• Benefits of Private Money Management

  •  Cash
      Although the use of cash is not really a tactic - and the level of cash often not the result of a deliberate effort - it can be discussed here. A value investor (such as ourselves) does not make bets on market direction or timing. Rather, he buys things when they are good value. If he finds something to buy but has no cash, he sells his least undervalued asset to replace it with the new, more undervalued asset. But he feels no need to be fully invested at all times. So if there are no good values then he does not buy, resulting in a high cash allocation.
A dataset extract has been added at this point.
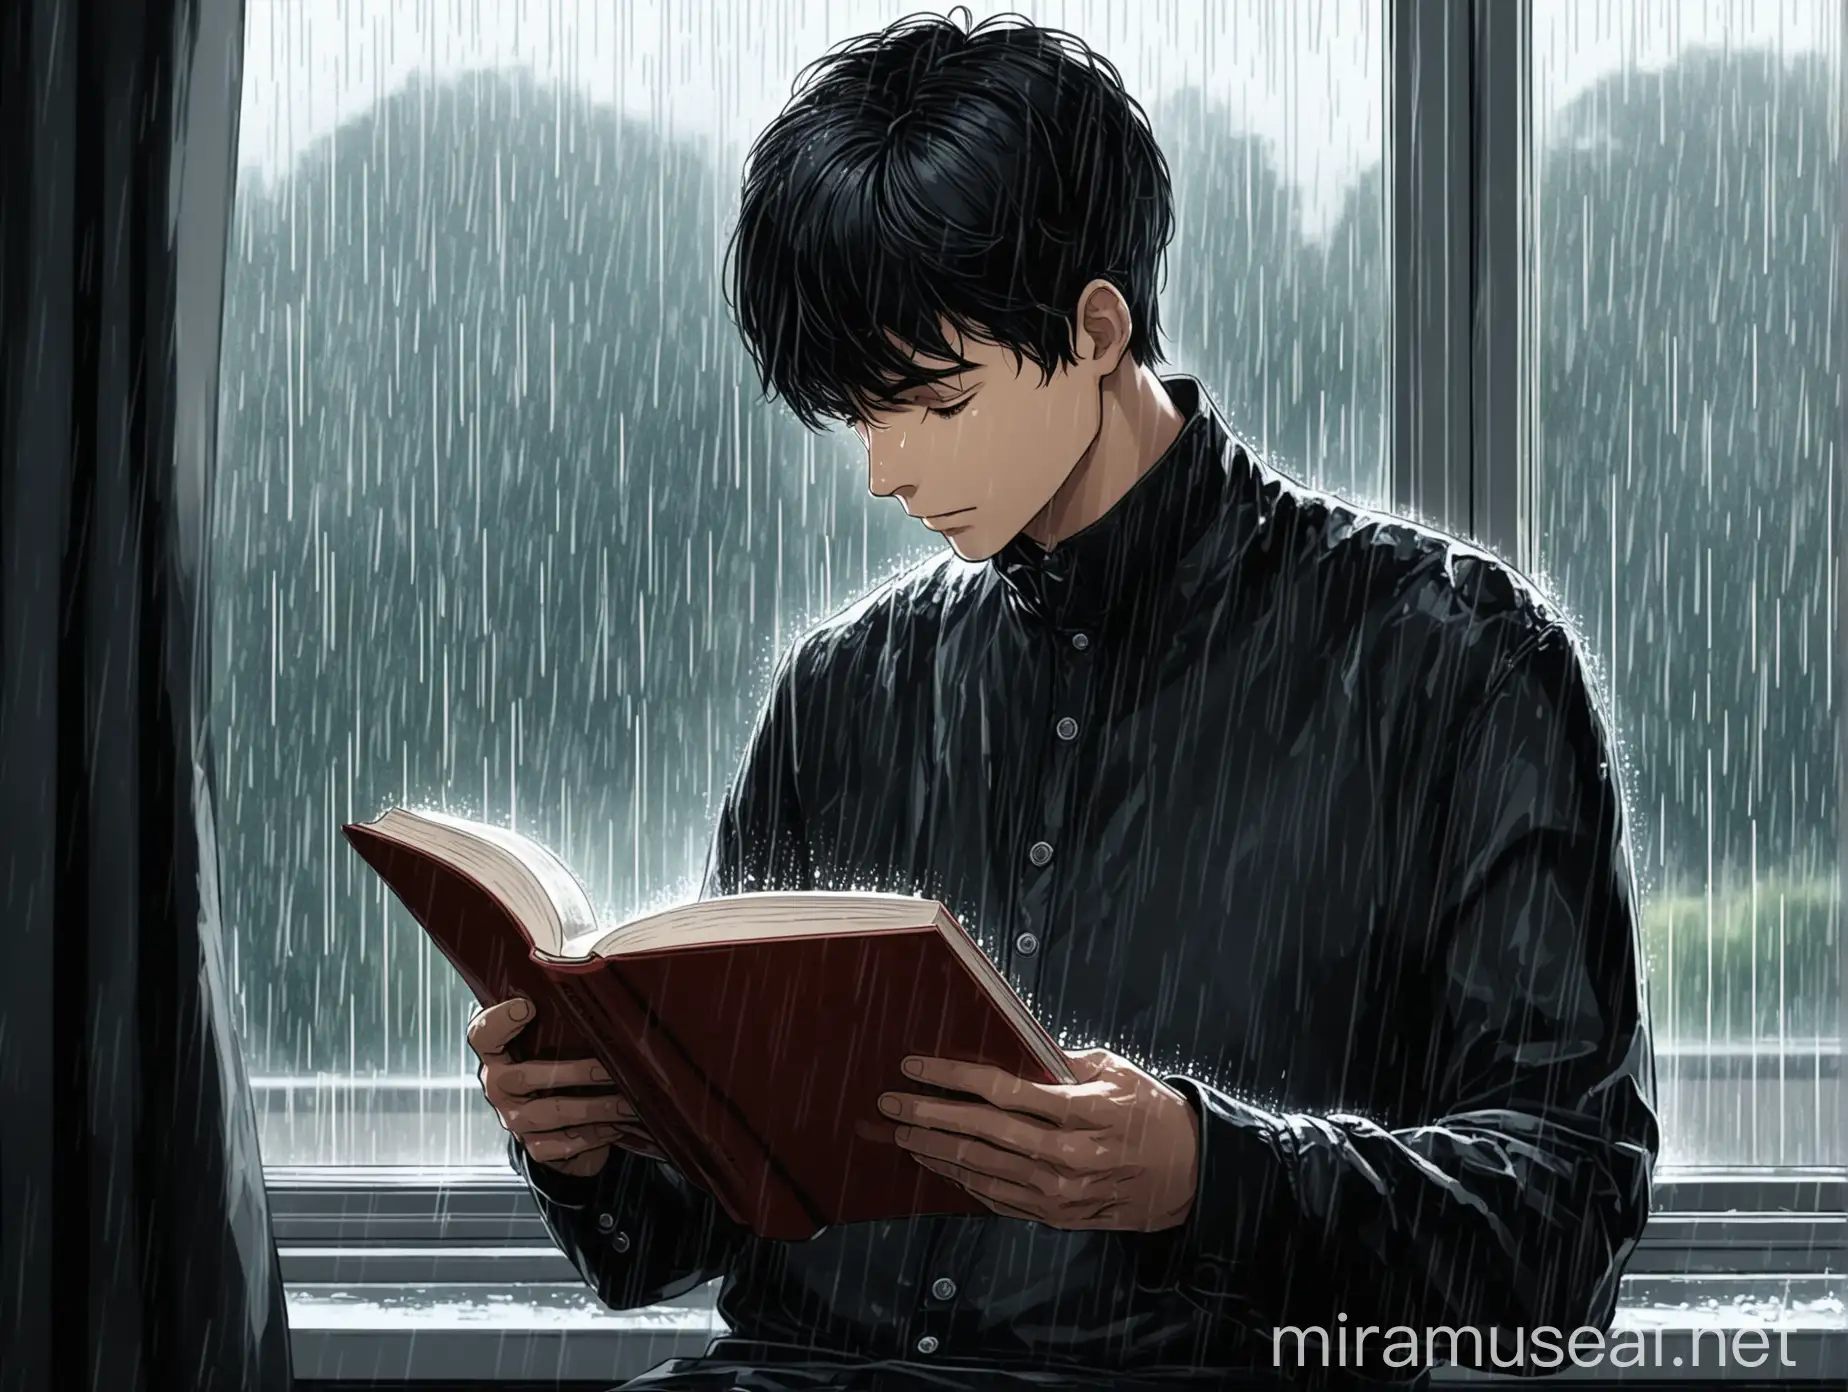 Man Reading Book by Rainy Window in Contemporary Setting

By default, then, he becomes a market timer, but the high cash position is a result of finding no value, not a goal in and of itself.

    As Jean-Marie Eveillard puts it, "cash is a residual." But that residual can be quite high if there are no values.
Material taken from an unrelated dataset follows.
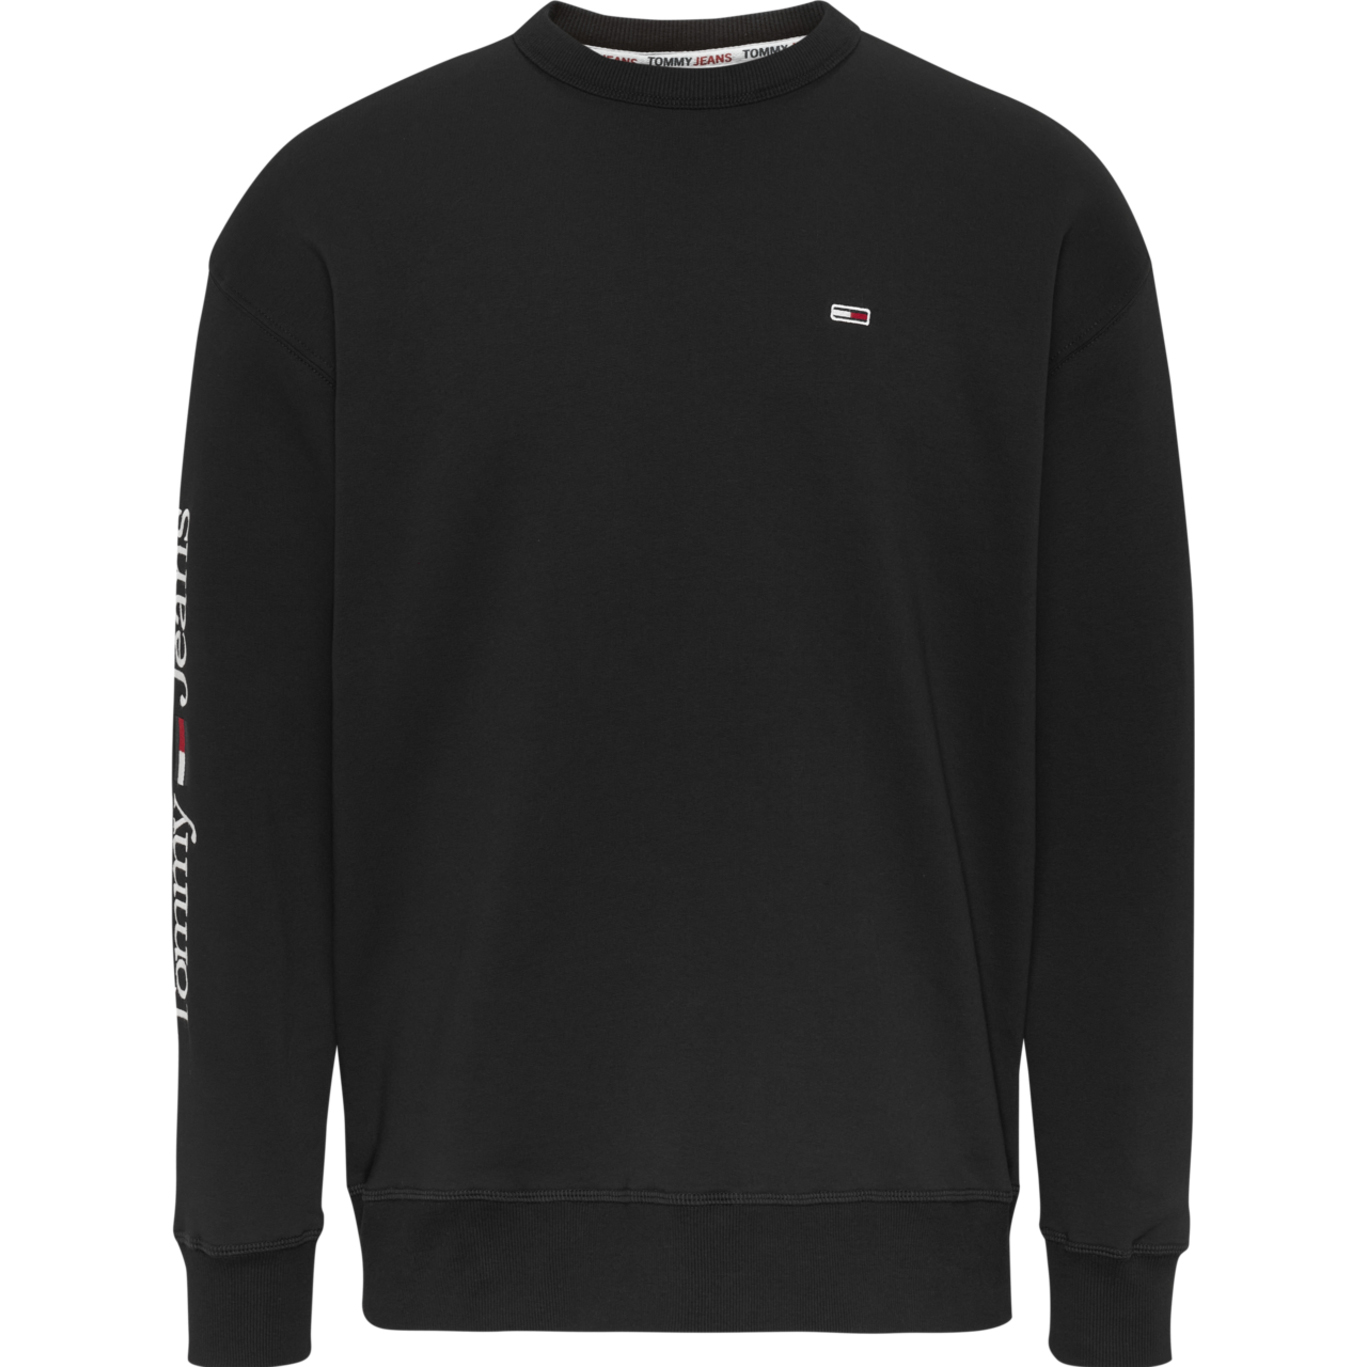 Reg Linear Placement Crew Sweater

    Another value investor, Seth Klarman says investors "should choose to hold cash in the absence of compelling opportunity," again emphasizing that high cash is not a top-down allocation, but the result of the bottom-up search for bargains. He tells his investors who query why they are paying him to hold cash. "You are not. You are paying us to decide when to hold onto cash and when to invest it", an answer with which we would concur.

    At Adrian Day Asset Management, in addition to this approach, we also overlay our assessment of the general market risk profile. If the overall risk appears high, then we will insist on greater and more sure values before buying. 

    When values are somewhat high, rather than buy outright, we may sell puts on stocks we like, at below market strikes. In this way we can generate additional income, while exposing ourselves to sectors and equities we like. (For more on this, see "Options", one of the discussions under "Investment Tactics.") In such cases, we always set aside the cash that would be required were an option put to us; thus not all our cash is necessarily unrestricted, and may be working for you anyway.

    When we talk of cash, we are primarily thinking of U.S. cash (or cash equivalents). We may purchase foreign currencies, holding in cash equivalents, as a hedge against the dollar, an investment in and of itself. But again, if we find good values in foreign stock markets, we will generally prefer to hold equities than foreign currencies.